# WHAT THE TASK REQUIRES
Exactly as they appear below, repeat the lines from the one with "Cytogram generačního období" through the one with "B: 14. den cyklu". Drop every picture.

# SOURCE INFORMATION

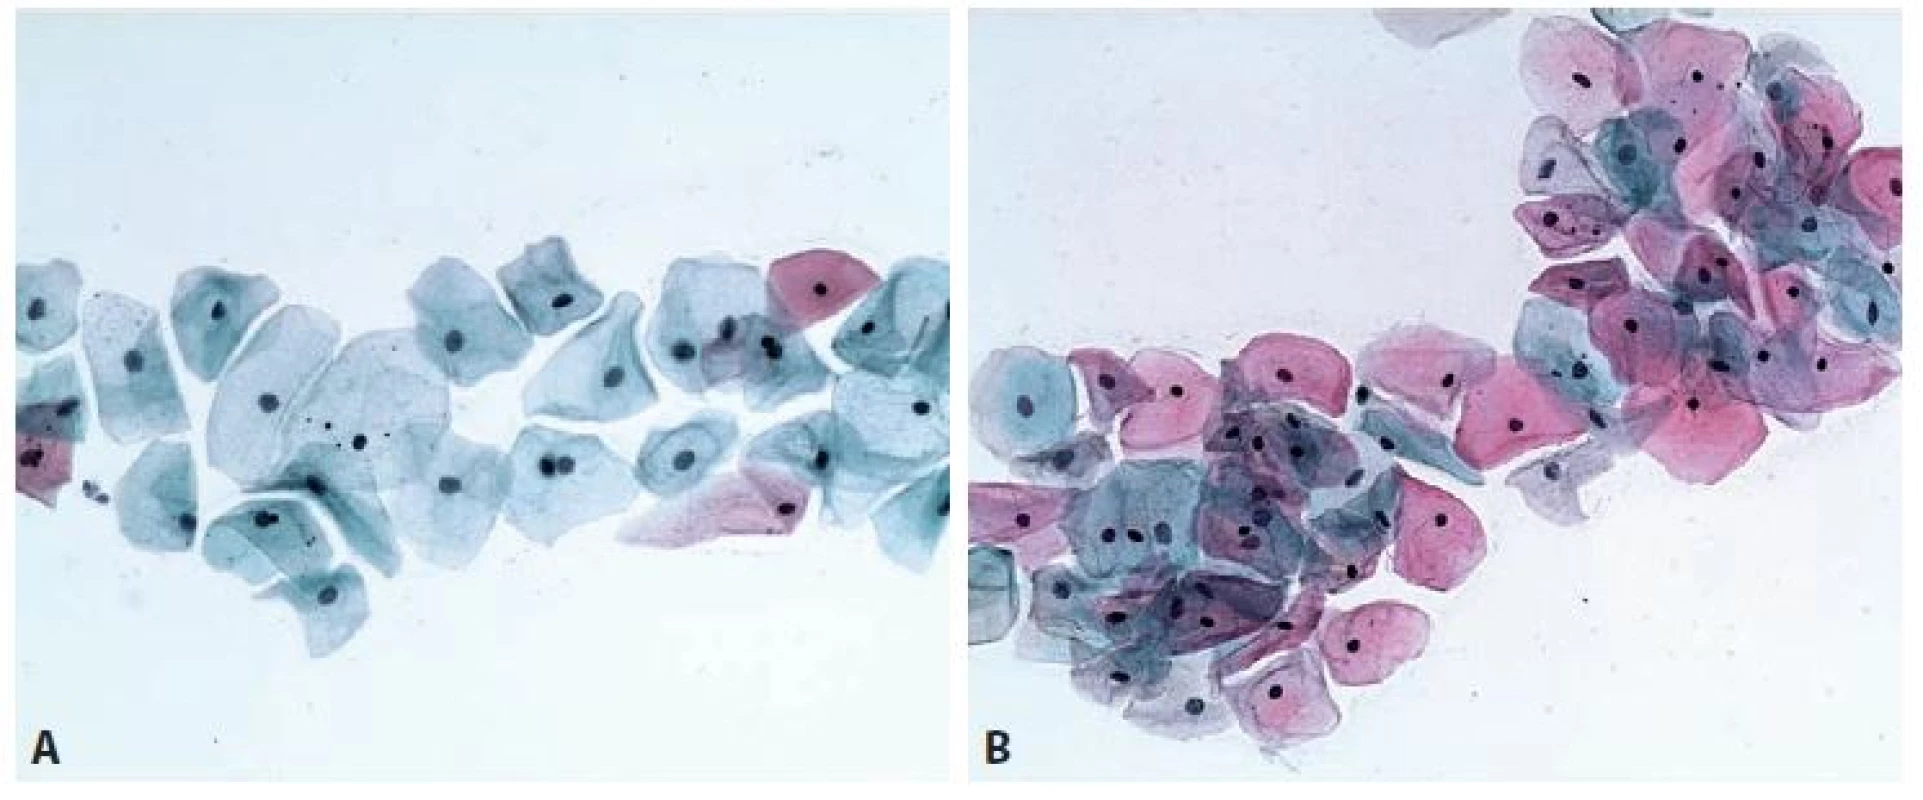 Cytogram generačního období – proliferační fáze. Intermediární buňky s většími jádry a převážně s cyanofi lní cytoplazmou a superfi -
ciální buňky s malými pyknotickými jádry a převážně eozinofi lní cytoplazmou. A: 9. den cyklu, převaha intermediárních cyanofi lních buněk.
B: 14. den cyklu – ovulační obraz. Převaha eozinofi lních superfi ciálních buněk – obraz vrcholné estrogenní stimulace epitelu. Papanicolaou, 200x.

* * *

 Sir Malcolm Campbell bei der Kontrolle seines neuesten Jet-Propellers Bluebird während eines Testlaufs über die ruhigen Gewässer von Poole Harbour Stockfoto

--

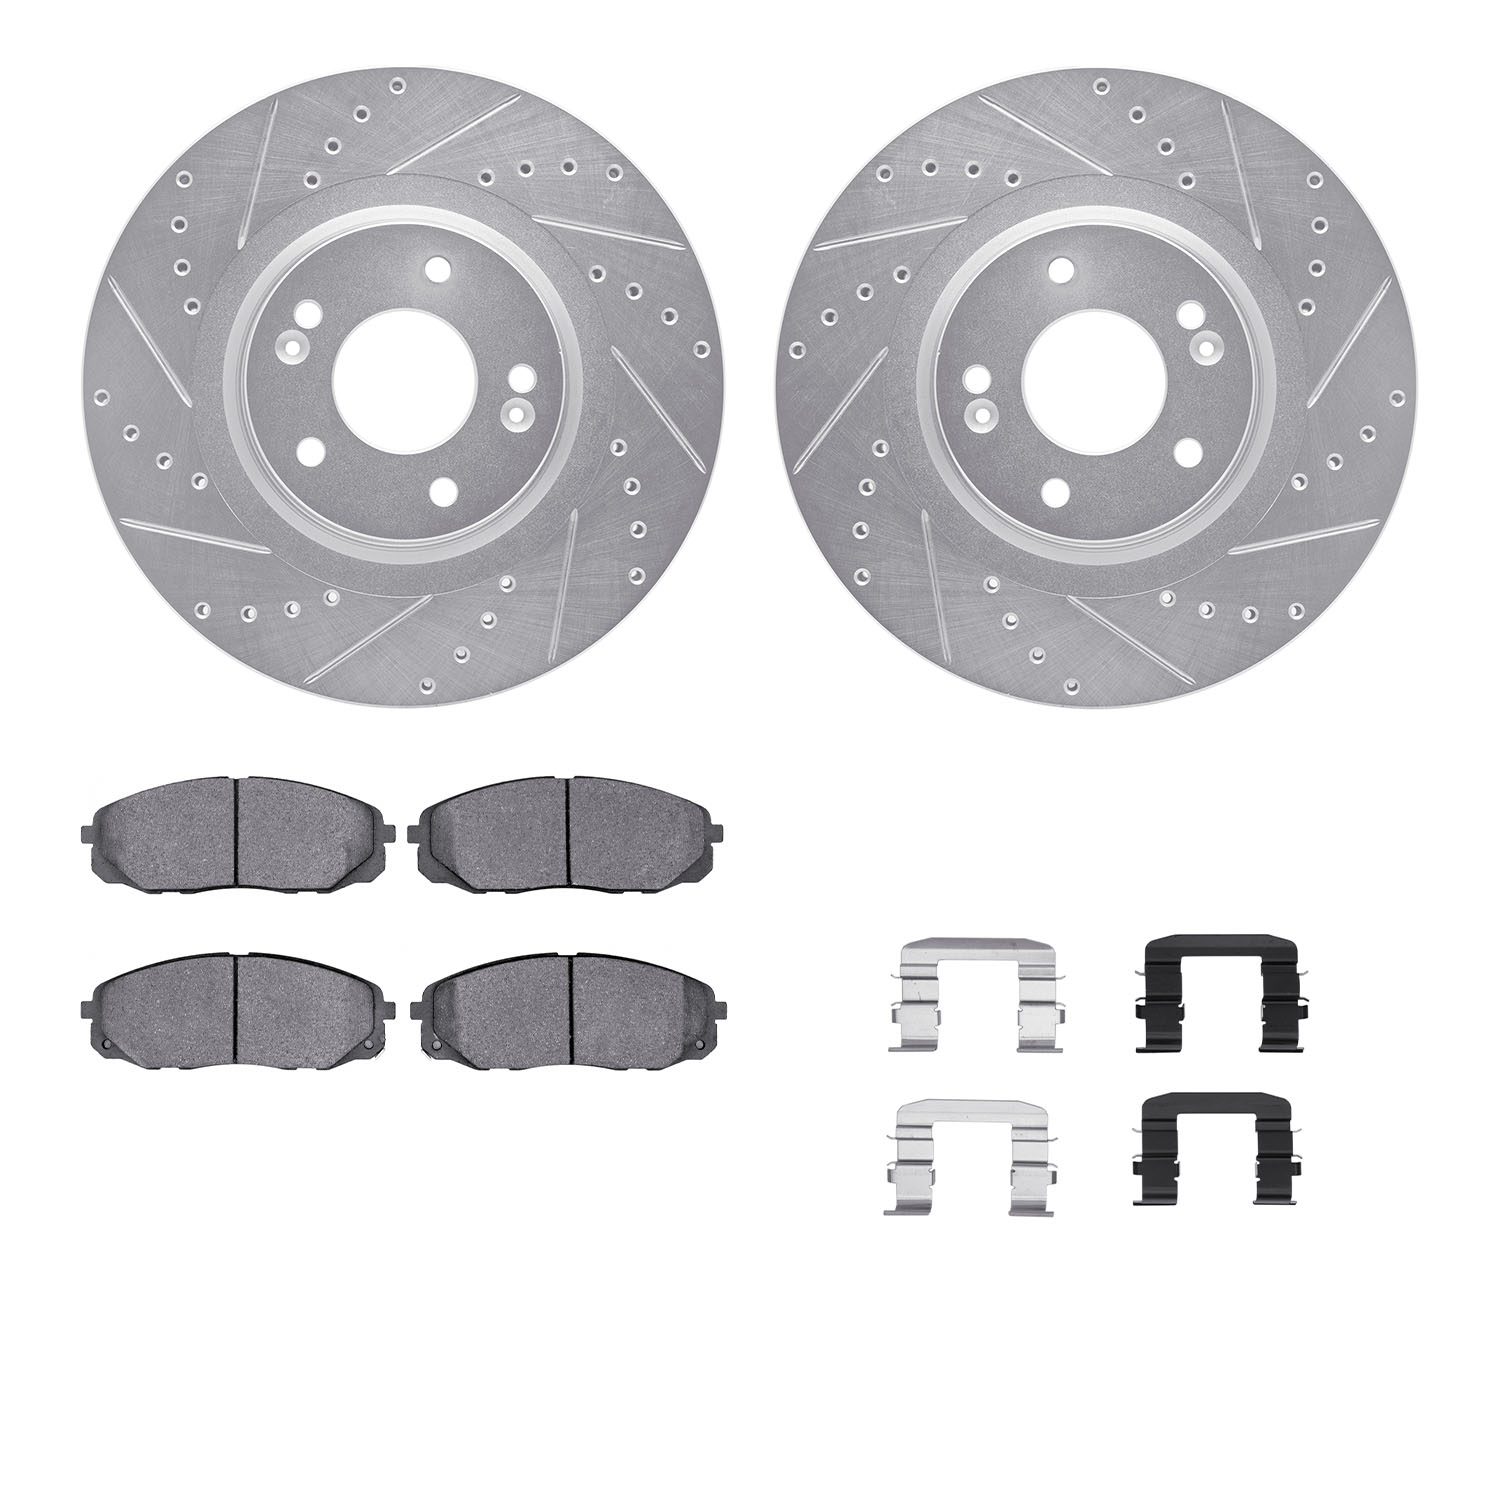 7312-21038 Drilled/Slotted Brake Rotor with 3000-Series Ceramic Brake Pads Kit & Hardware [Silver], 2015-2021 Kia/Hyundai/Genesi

# ANSWER SECTION
 Cytogram generačního období – proliferační fáze. Intermediární buňky s většími jádry a převážně s cyanofi lní cytoplazmou a superfi -
ciální buňky s malými pyknotickými jádry a převážně eozinofi lní cytoplazmou. A: 9. den cyklu, převaha intermediárních cyanofi lních buněk.
B: 14. den cyklu – ovulační obraz. Převaha eozinofi lních superfi ciálních buněk – obraz vrcholné estrogenní stimulace epitelu. Papanicolaou, 200x.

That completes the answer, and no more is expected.